Group of newspapers serving communities in metropolitan area of St. Louis, Missouri, US

Suburban Journals of Greater St. Louis was a group of publications in the St. Louis region owned by Lee Enterprises. The chain served St. Louis and St. Charles counties in Missouri and Madison, Monroe and St. Clair counties in Illinois.

It published community newspapers, the Ladue News, Savvy Family, St. Louis' Best Bridal and Feast.

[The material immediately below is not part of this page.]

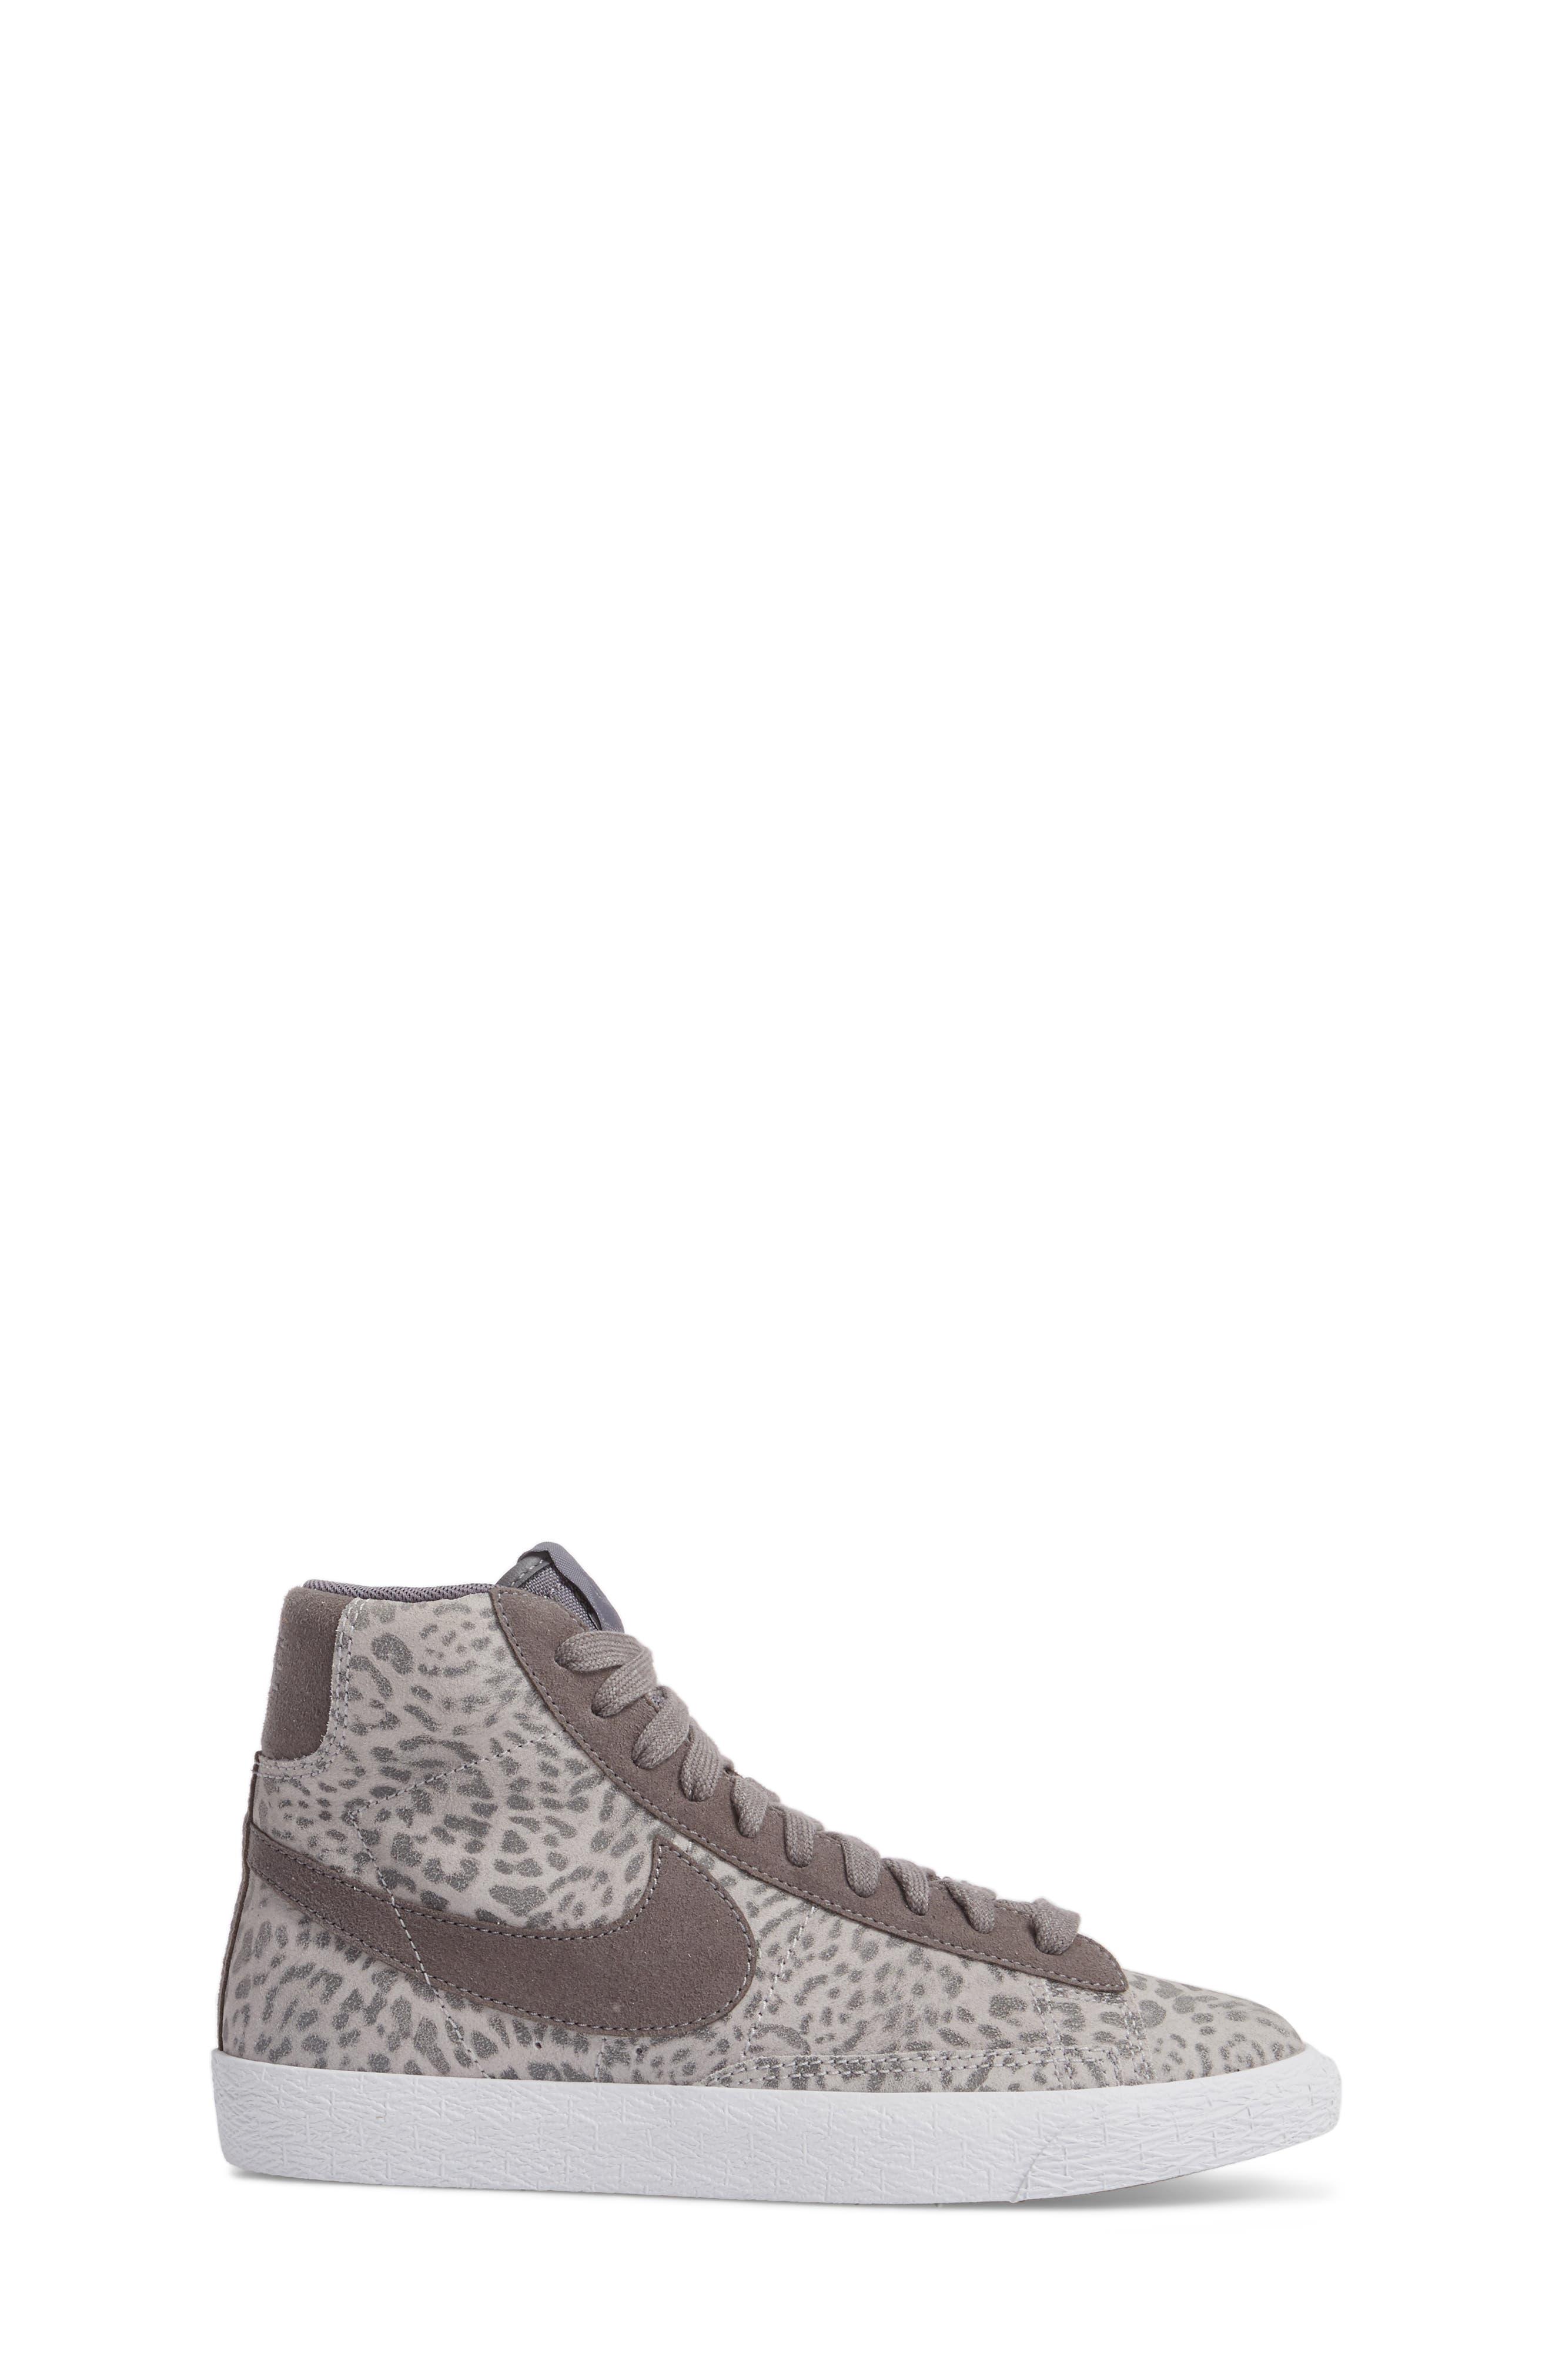 Blazer Mid SE High Top Sneaker,                             Alternate thumbnail 3, color,                             Atmosphere Grey/ Smoke/ Gum

Publications were grouped in regional offices in Town and Country, Missouri and Collinsville, Illinois.

The chain for years was distributed to homes for free. The papers became subscription-only in November 2008, a move decried by long-time employees as "the beginning of the end.".

The chain's main competition was the Webster-Kirkwood Times, The South County Times and Call Newspapers in Missouri and The Alton Telegraph, Edwardsville Intelligencer, and Belleville News-Democrat in Illinois.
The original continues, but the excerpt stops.